• The data
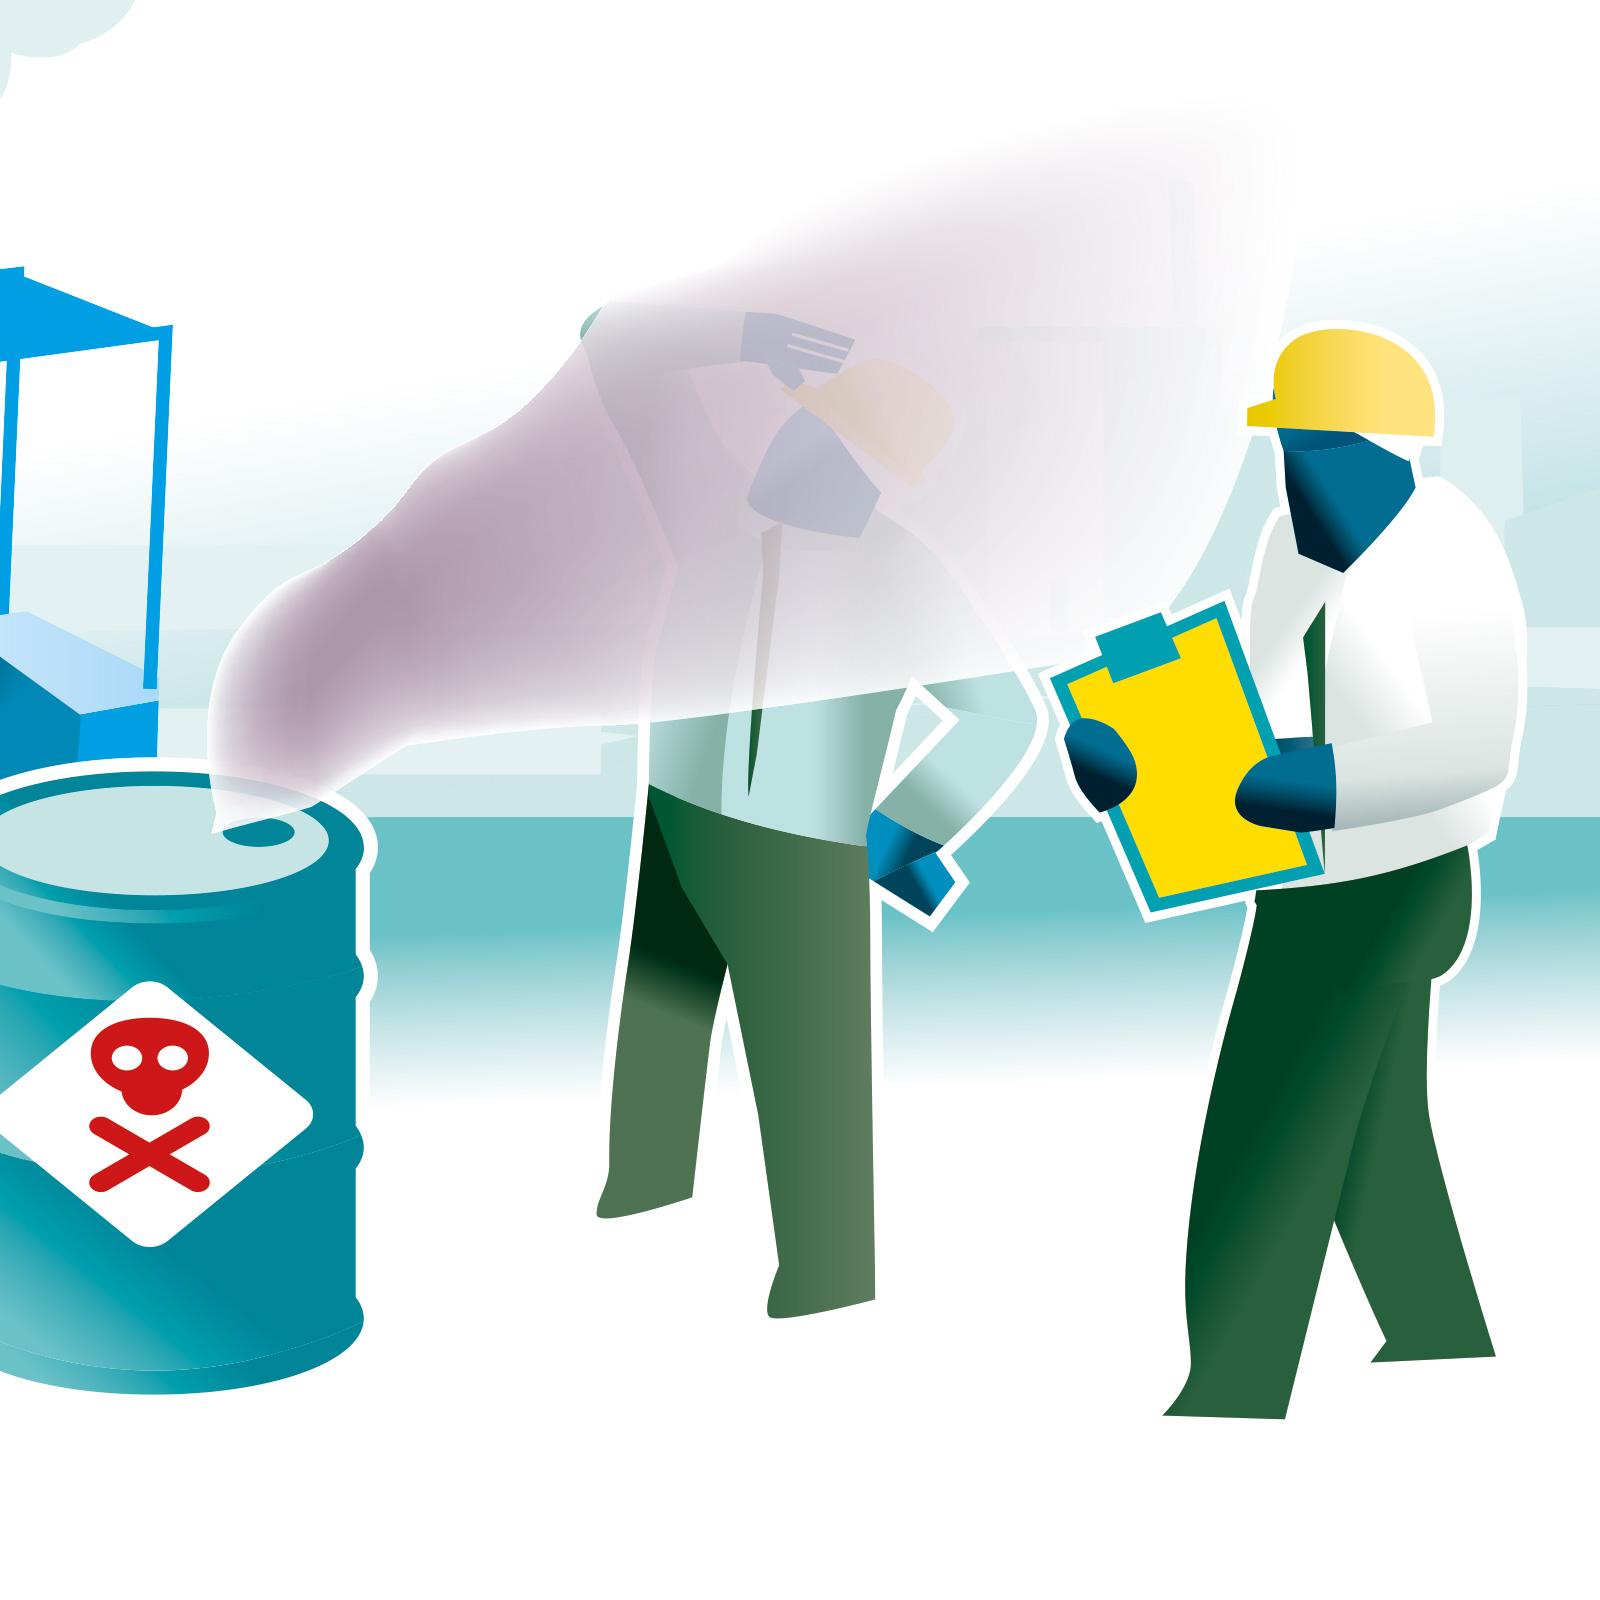 SZW_gevaarlijke-stoffen.jpg
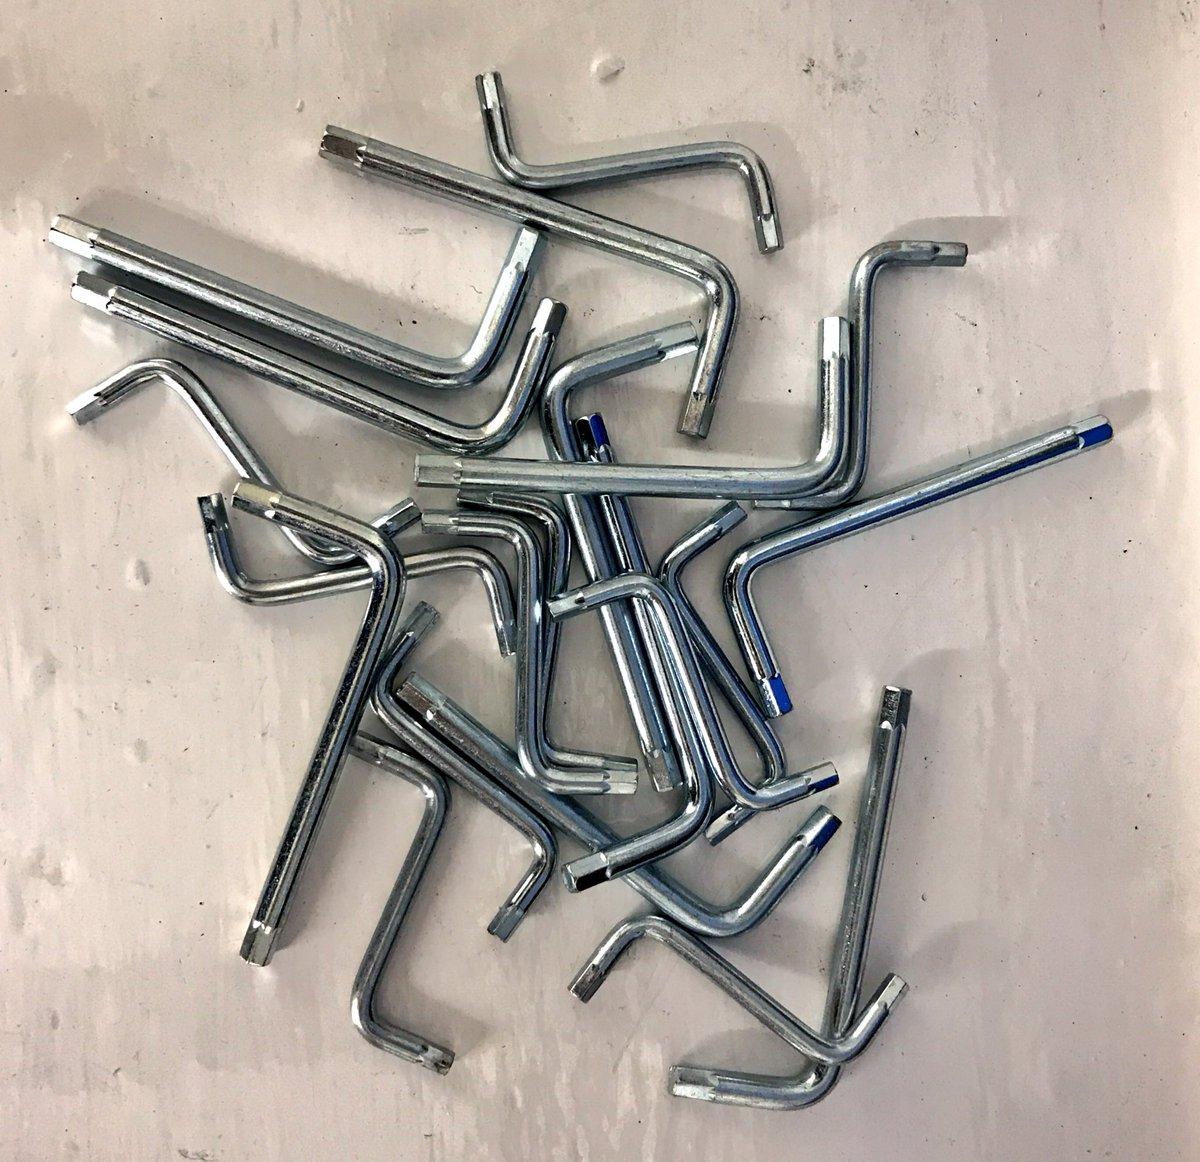 Ikea Uk Support On Twitter Hi Sharon
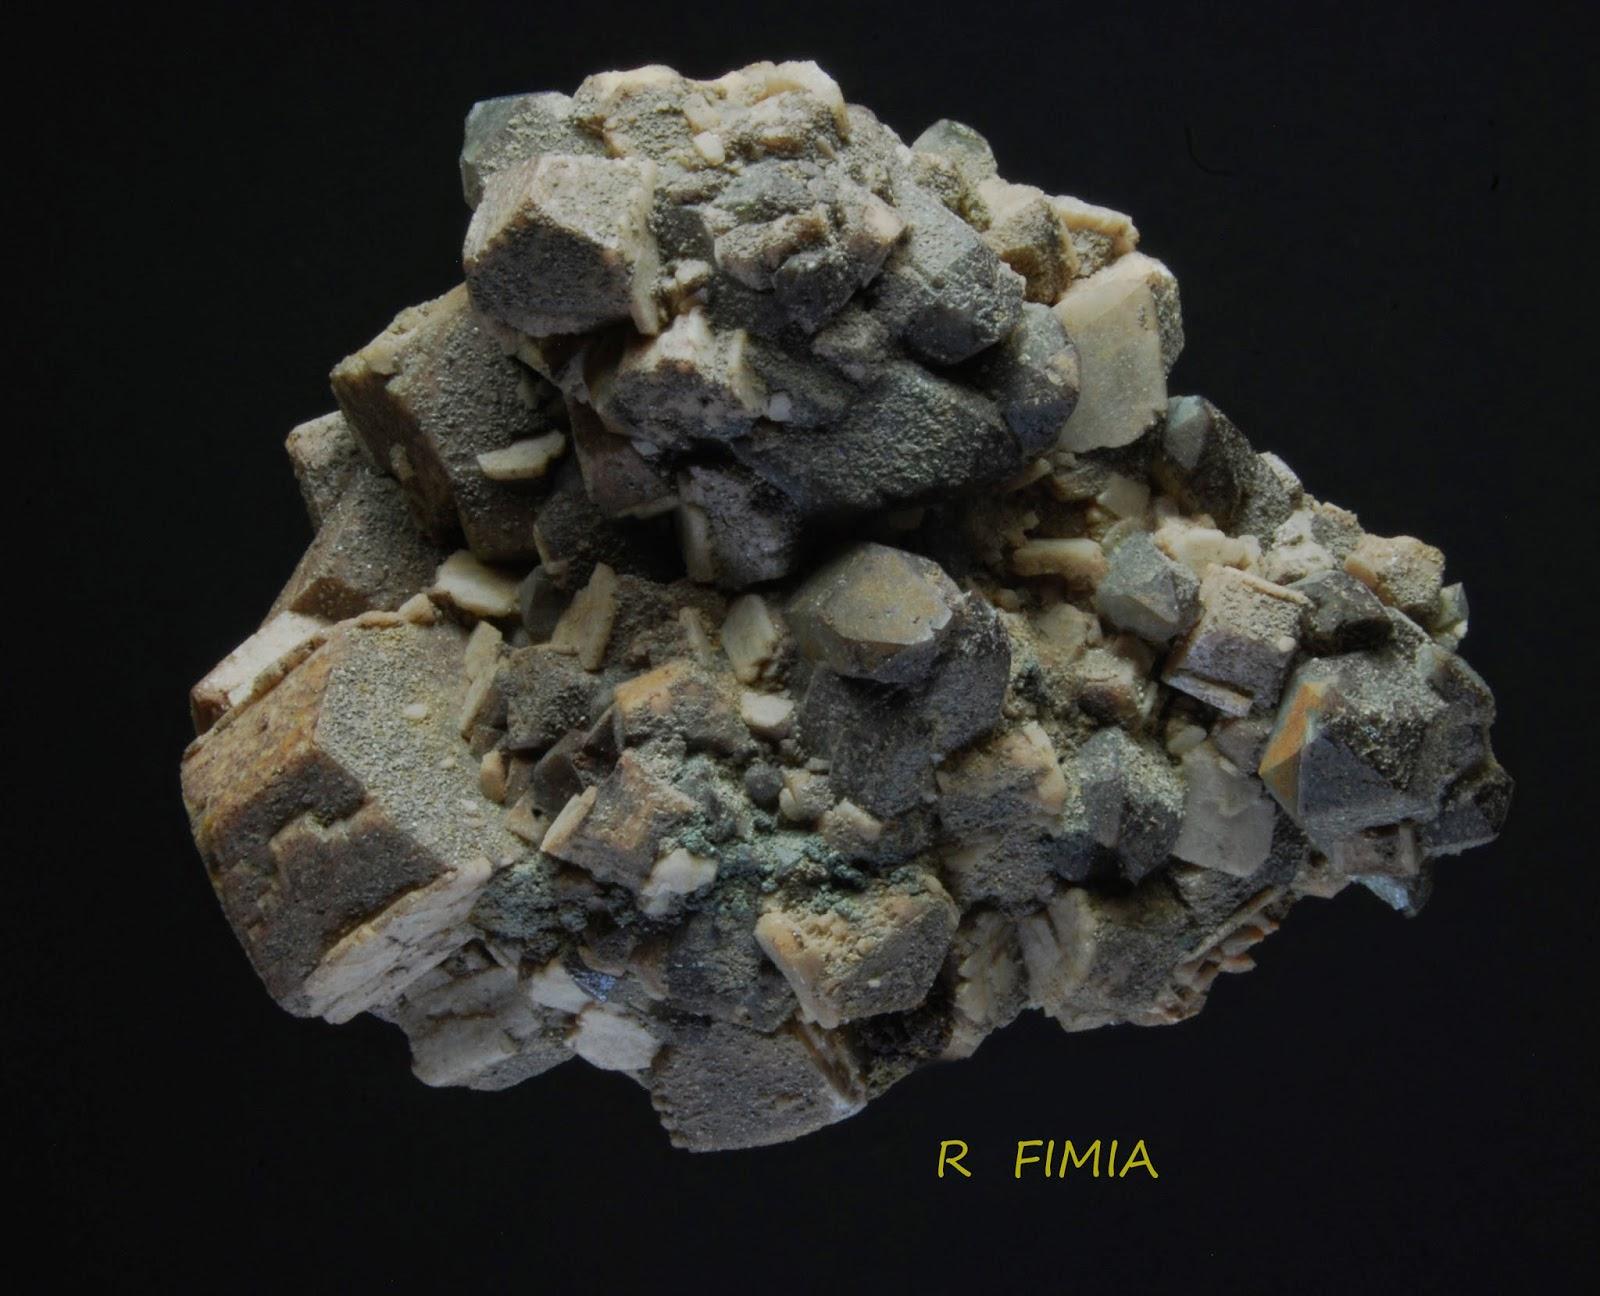 colección R. Fimia - Página 9 ORTO%2BY%2BCUAR%2BCM

• Exercise brief
Would it be possible to reproduce the material word for word, images omitted?

• Reply
 SZW_gevaarlijke-stoffen.jpg
 Ikea Uk Support On Twitter Hi Sharon
 colección R. Fimia - Página 9 ORTO%2BY%2BCUAR%2BCM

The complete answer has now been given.